Concept Of Adaptive Filtering
DOWNLOAD
Author : Shivendra Nandan
language : en
Publisher: TSG Publications
Release Date :
Concept Of Adaptive Filtering written by Shivendra Nandan and has been published by TSG Publications this book supported file pdf, txt, epub, kindle and other format this book has been release on with Education categories.

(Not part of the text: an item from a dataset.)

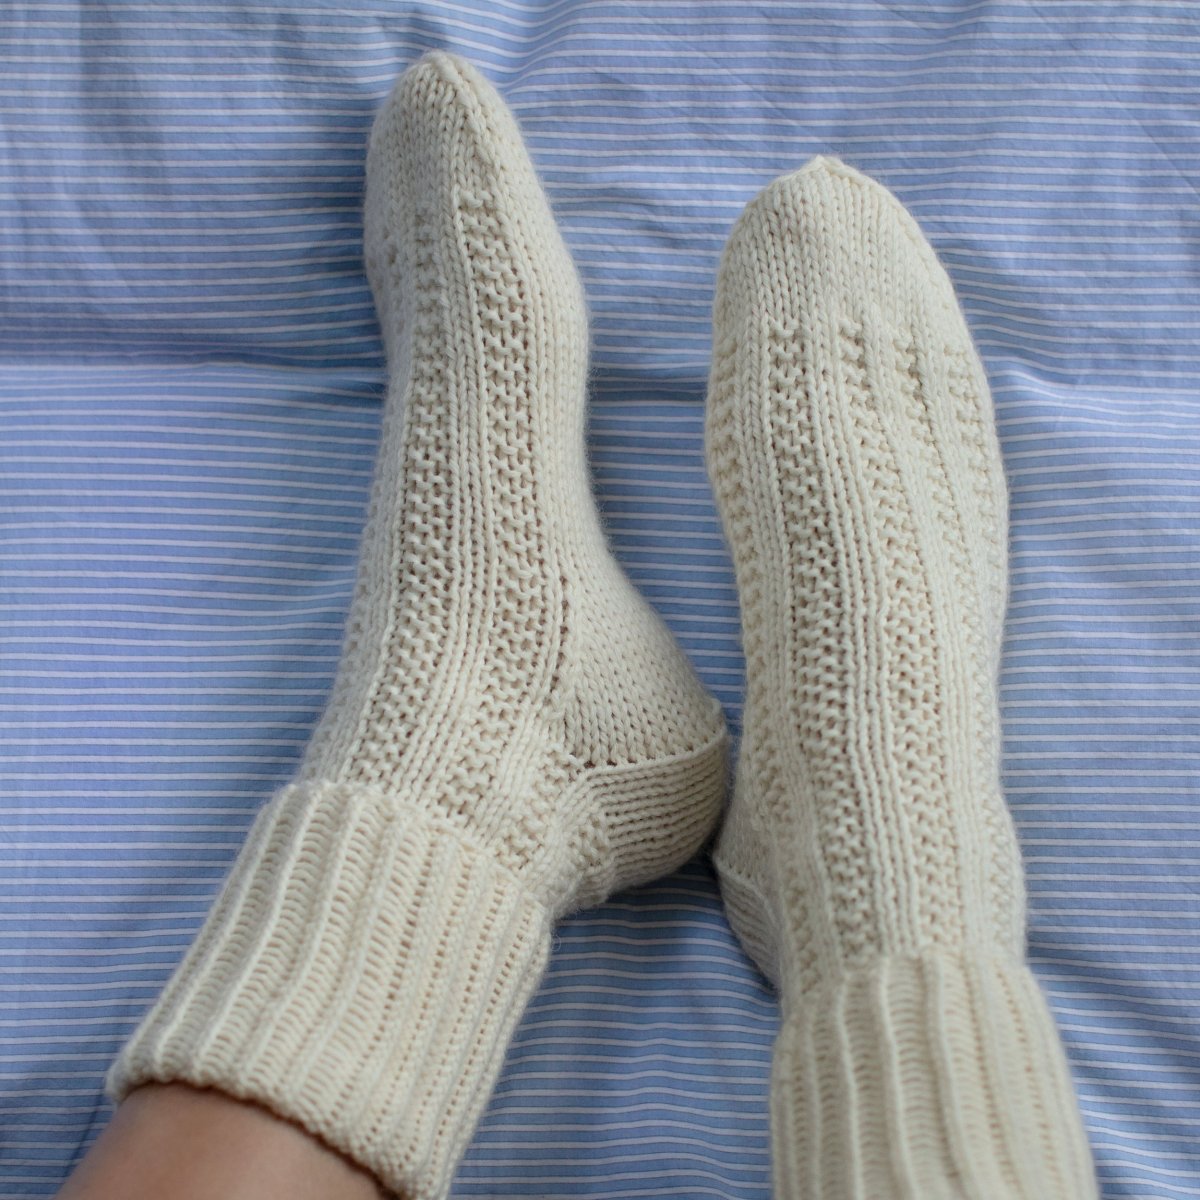 SOLA SOCKS - English knitting pattern by Anne Ventzel

A spline adaptive filter (SAF) based nonlinear active noise control (ANC) system is proposed in this paper. The SAF consists of a linear network of adaptive weights in a cascade with an adaptive nonlinear network. The nonlinear network, in turn consists of an adaptive look-up table followed by a spline interpolation network and forms an adaptive activation function. An update rule has been derived for the proposed ANC system, which not only updates the weights of the linear network, but also updates the nature of the activation function. Linear Network is based on improvement in FxLMS algorithm. FxLMS algorithm is used because it is computationally simple like the most commonly used Least Mean Square (LMS) algorithm. In addition, it includes secondary path effects. To make the FxLMS algorithm more effective, the secondary path estimation should be more precise and accurate. The nonlinear function involved in the adaptation process is based on a spline function that can be modified during learning. The spline control points are adaptively changed using gradient-based techniques. B-splines and Catmull-Rom splines are used, because they allow imposing simple constraints on control parameters. This new kind of adaptive function is then applied to the output of a linear adaptive filter and it is used for the identification of Wiener-type nonlinear systems. In addition, we derive a simple form of the adaptation algorithm and an upper bound on the choice of the step-size. An extensive simulation study has been conducted to evaluate the noise mitigation performance of the proposed scheme and the new method has been shown to provide improved noise cancellation efficiency with a lesser computational load in comparison with other popular ANC systems.